Il sogno sta alla realtà come la magia sta alla logica, sono due mondi diversi: tra sogno e magia c’è una relazione profonda.
I grandi maghi sognavano, il sogno diventava visione. Le religioni
sono disseminate di sogni premonitori, perché il sogno fa parte della
tecnologia del mago, il mago usa il sogno, non solo se lo fa lui, ma
anche se lo fa un altro.
La capacità di sognare è fare pace con la vita, a volte emergono dei
momenti di conflitto molto forti, è una specie di valvola di sicurezza,
esattamente come le figure retoriche sono le valvole di sicurezza del
linguaggio, il momento magico dove il linguaggio non deve dire più
logicamente quella cosa, il linguaggio va a ruota libera aggiunge quell’aspetto in più che può fare cambiare sentimenti e opinioni: basta
guardare la pubblicità.
Paragonare un pubblicitario ad un poeta è forse esagerato, ma è l’unico a usare, come il poeta, le figure retoriche.
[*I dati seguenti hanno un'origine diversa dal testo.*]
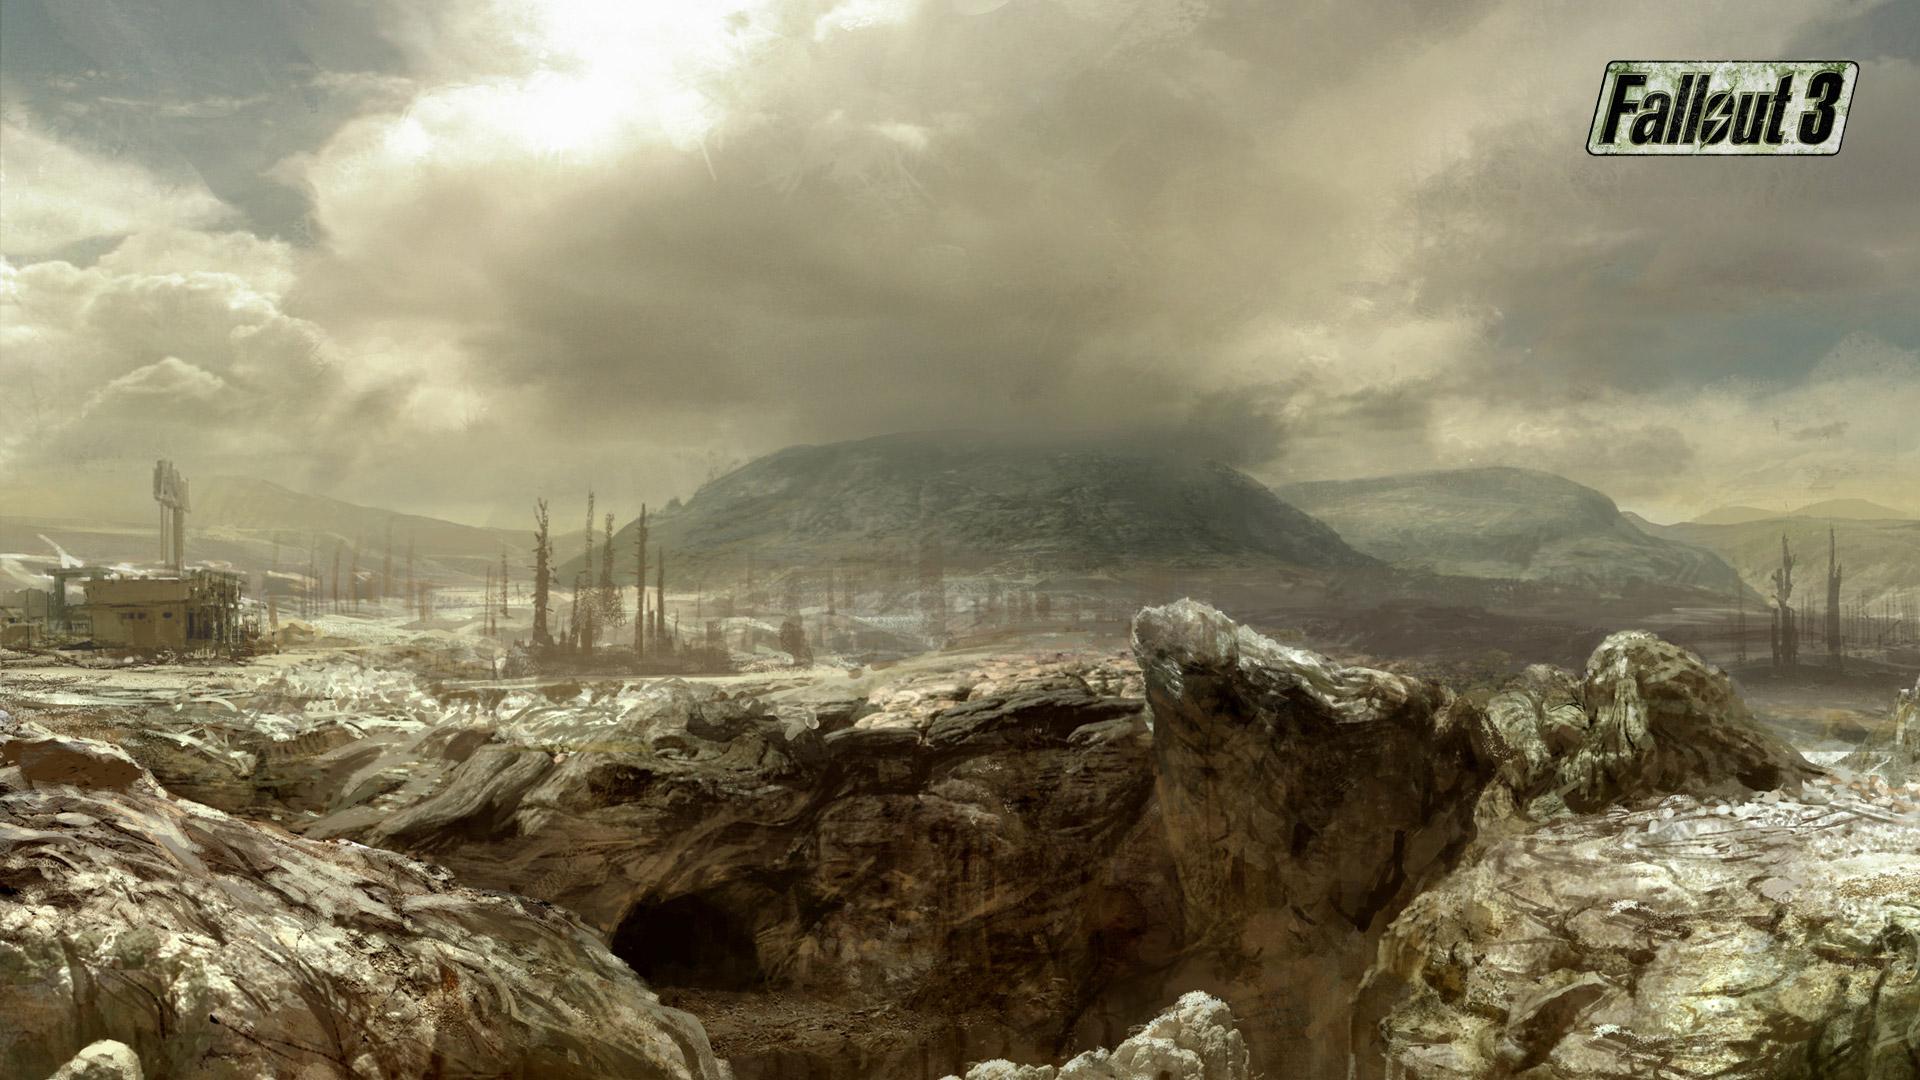 Fallout 3 Wallpaper in 1920x1080 1920x1080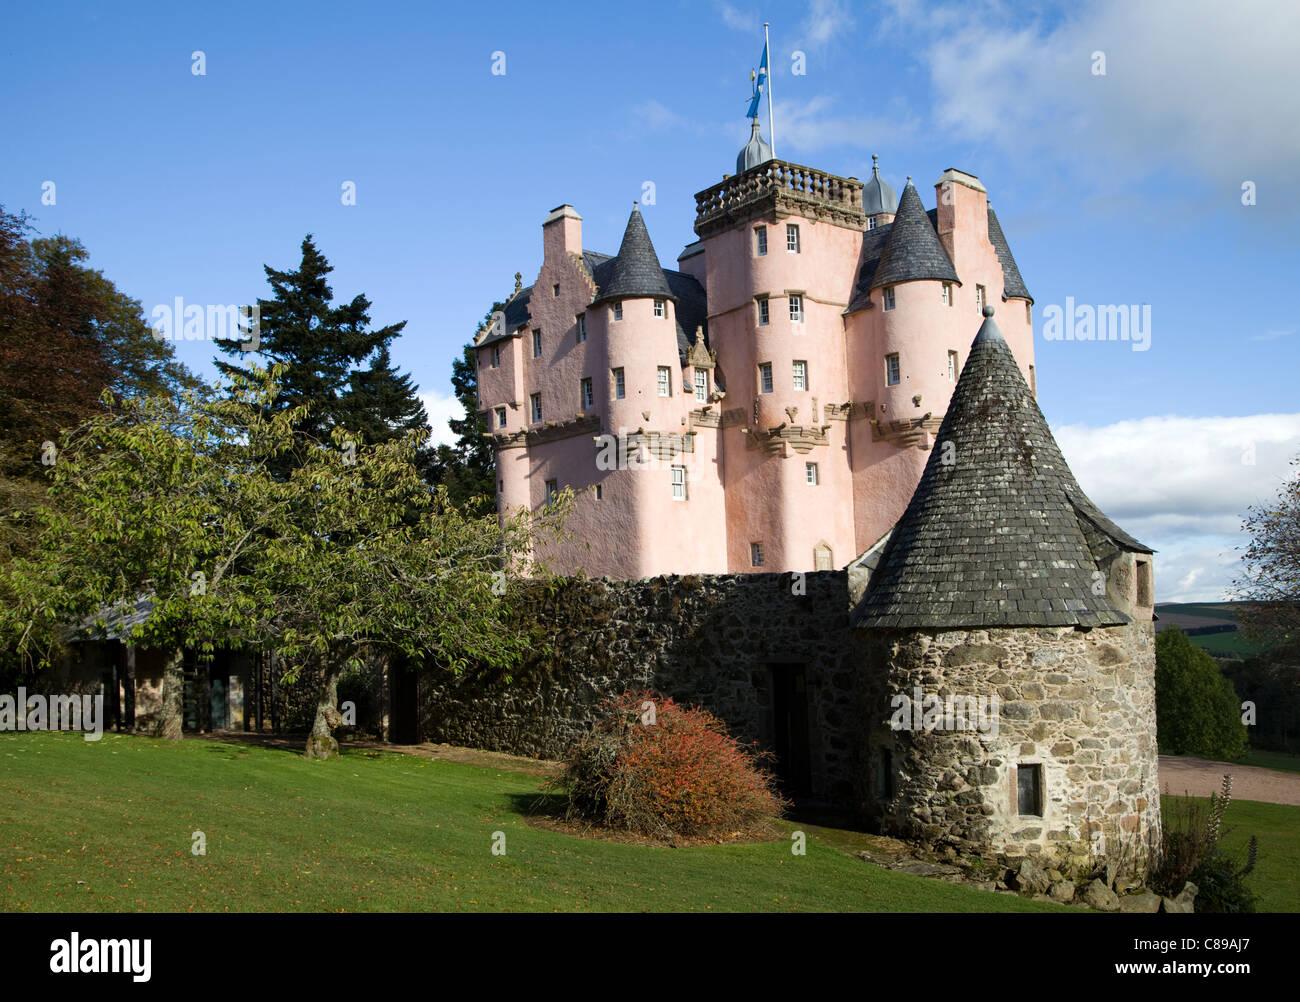 Craigievar Castle, Scotland - Stock Image

La poesia è sempre stato
il regno delle immagini, anche storicamente: i primi retori ne hanno
fatto uso in abbondanza. Ogni concetto può essere tradotto in immagine, anzi l’immagine aggiunge qualcosa in più al concetto, quello scarto
che è difficile da dimenticare, quel ragionamento che nasconde la
verità stessa del concetto. La pubblicità ha fatto delle figure retoriche
una vera strategia sia a livello linguistico sia a livello figurativo.